Stored data:
····················
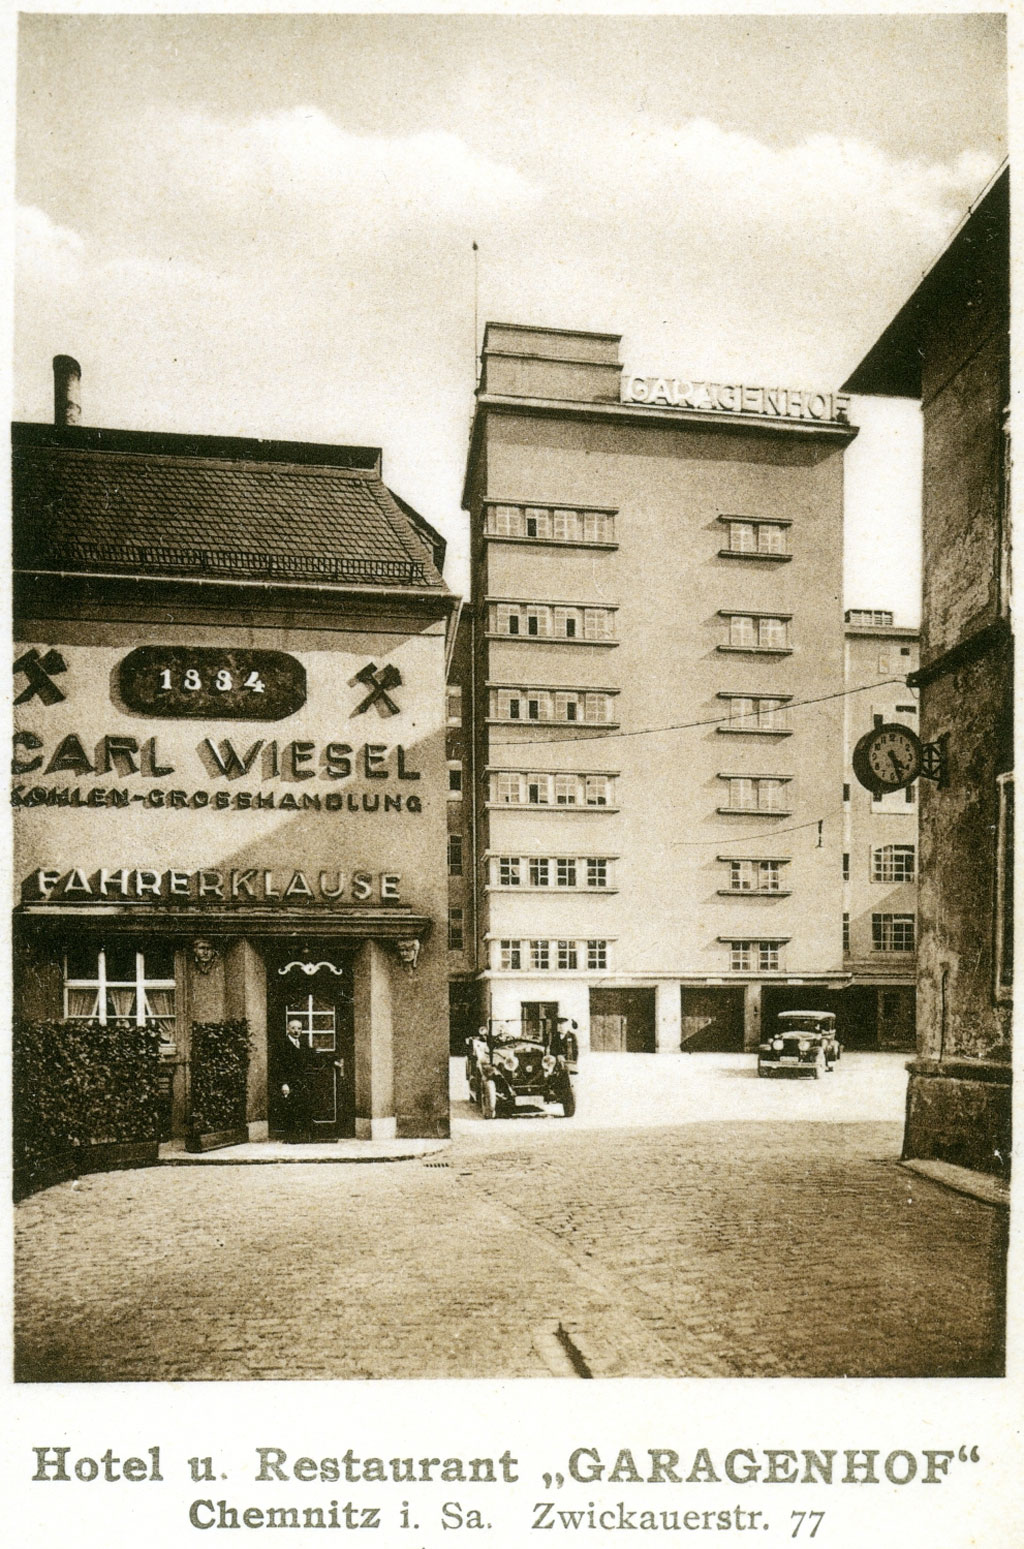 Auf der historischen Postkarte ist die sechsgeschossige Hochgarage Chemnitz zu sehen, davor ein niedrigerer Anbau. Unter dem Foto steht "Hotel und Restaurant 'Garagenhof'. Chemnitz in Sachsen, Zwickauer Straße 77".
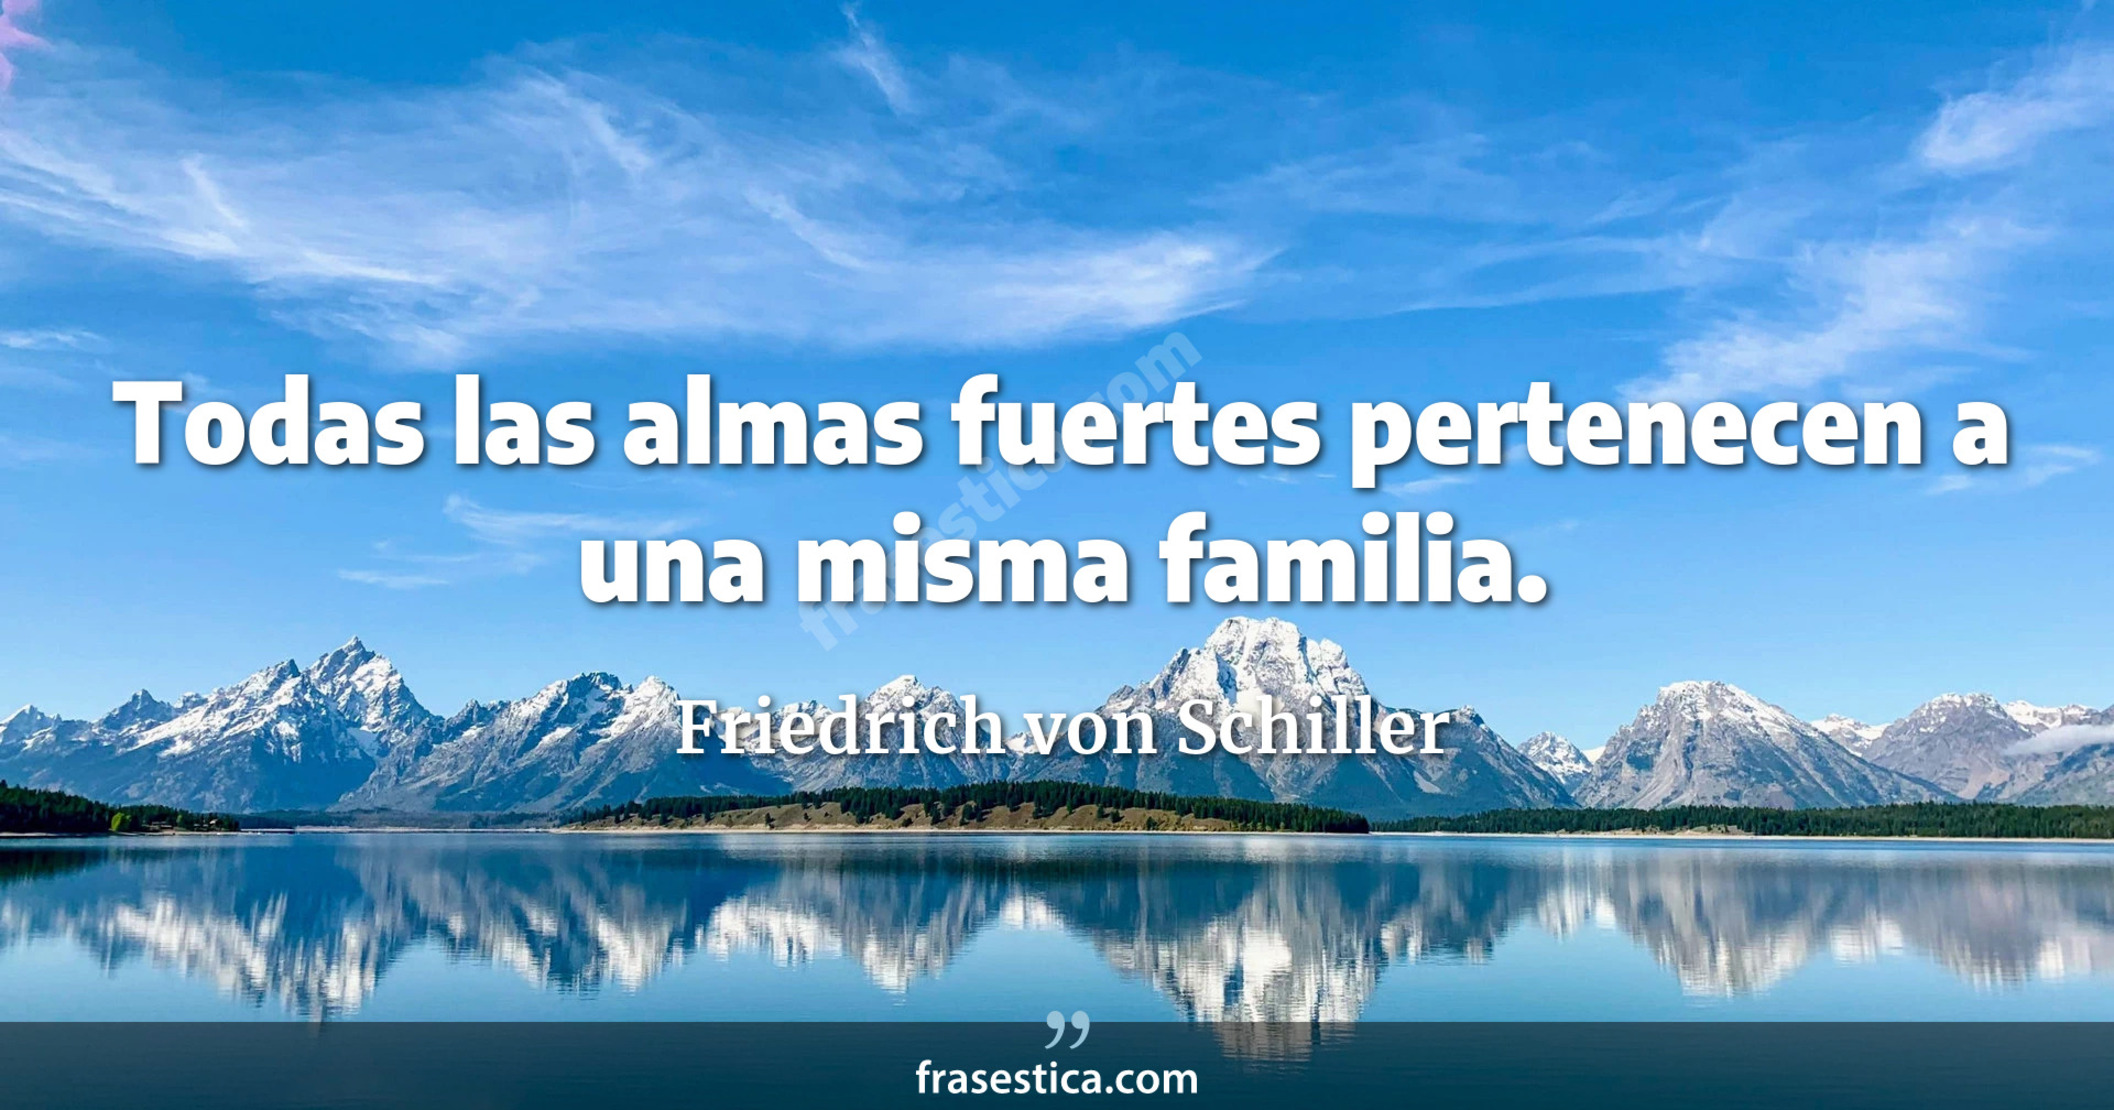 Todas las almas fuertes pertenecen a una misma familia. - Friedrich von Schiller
····················
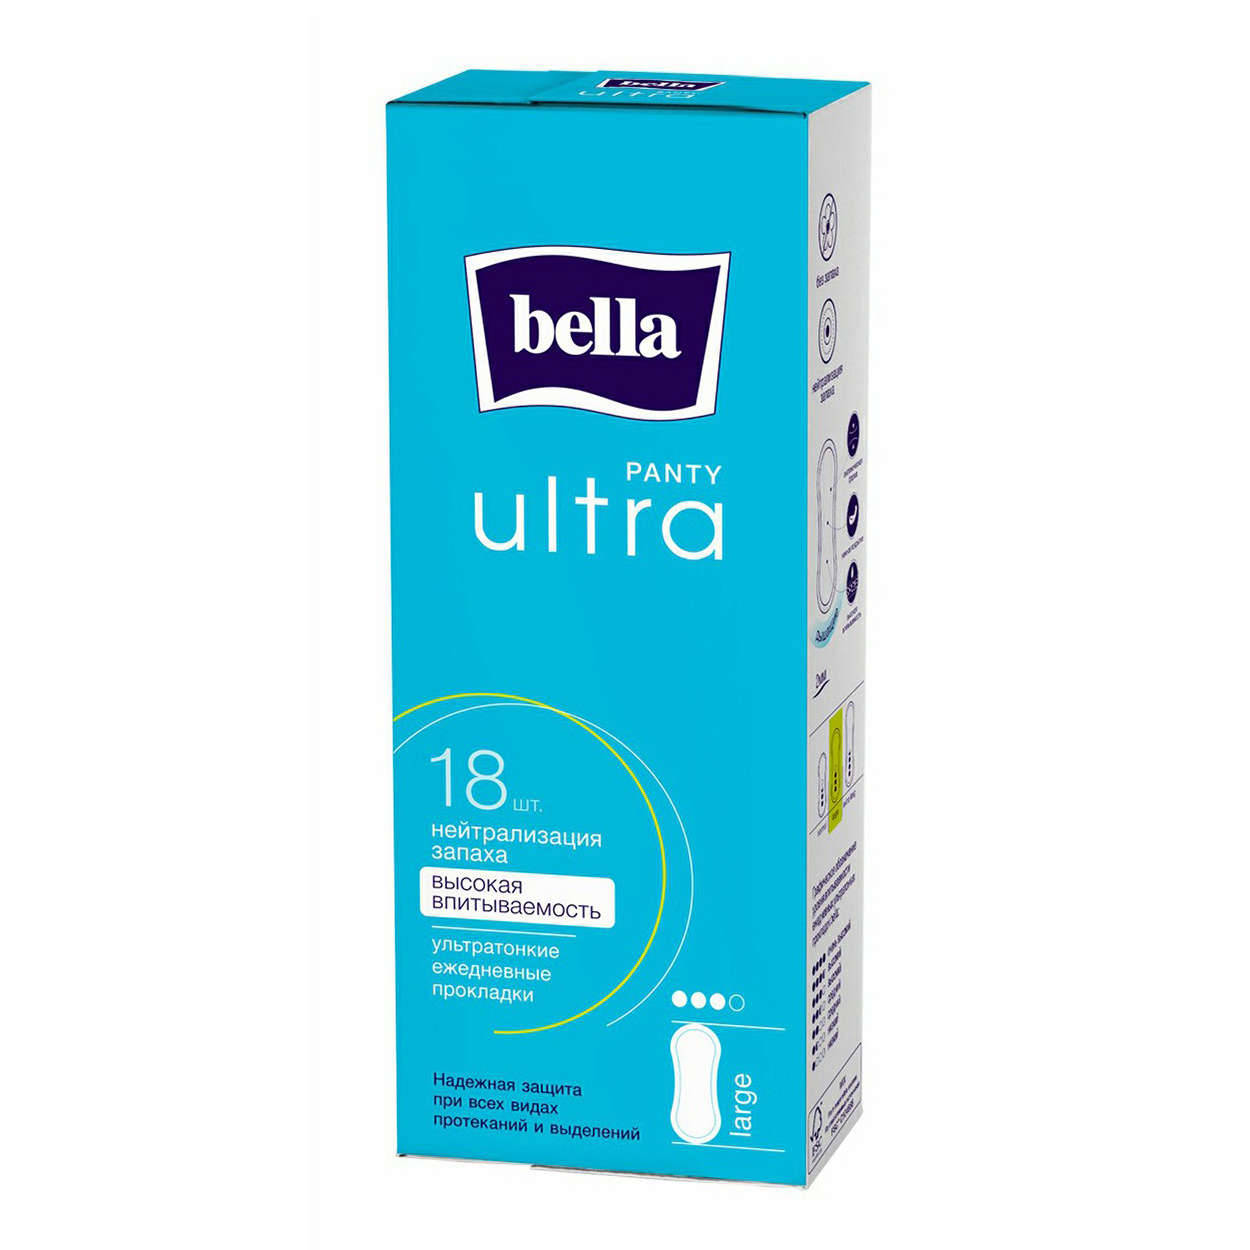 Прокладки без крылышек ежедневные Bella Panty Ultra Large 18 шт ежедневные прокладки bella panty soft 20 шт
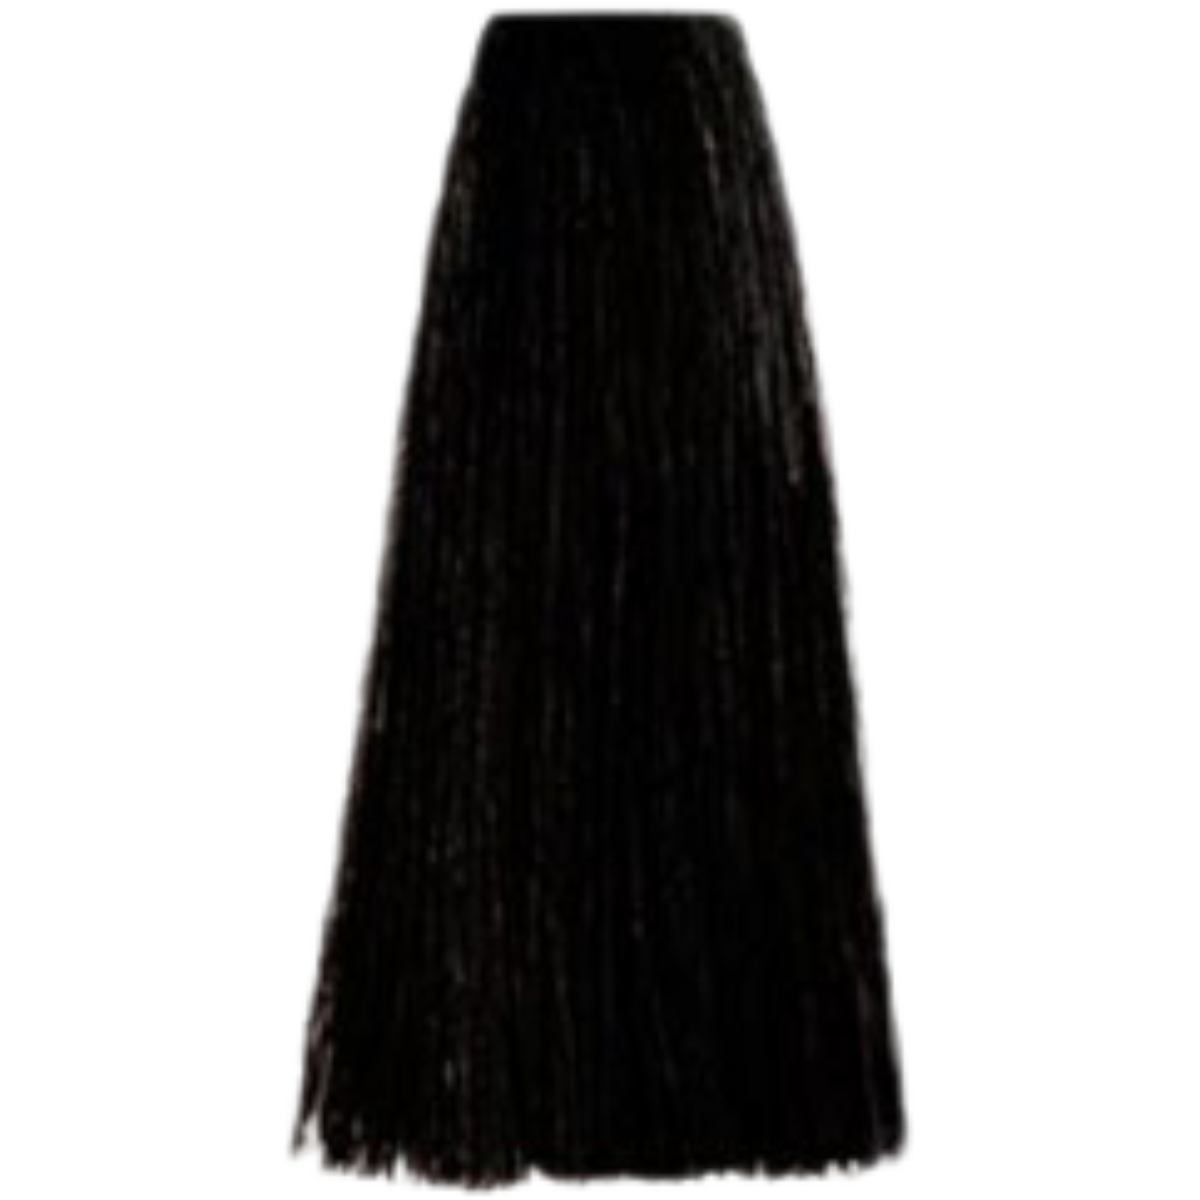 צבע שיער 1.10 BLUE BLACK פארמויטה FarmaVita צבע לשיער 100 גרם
····················
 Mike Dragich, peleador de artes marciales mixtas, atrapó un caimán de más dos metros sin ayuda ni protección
····················
What you are asked to do:
Take the material above from the line bearing "Auf der historischen" through the line bearing "Todas las almas" and write it out exactly, both end lines included. Pictures stay out.

Task result:
 Auf der historischen Postkarte ist die sechsgeschossige Hochgarage Chemnitz zu sehen, davor ein niedrigerer Anbau. Unter dem Foto steht "Hotel und Restaurant 'Garagenhof'. Chemnitz in Sachsen, Zwickauer Straße 77".
 Todas las almas fuertes pertenecen a una misma familia. - Friedrich von Schiller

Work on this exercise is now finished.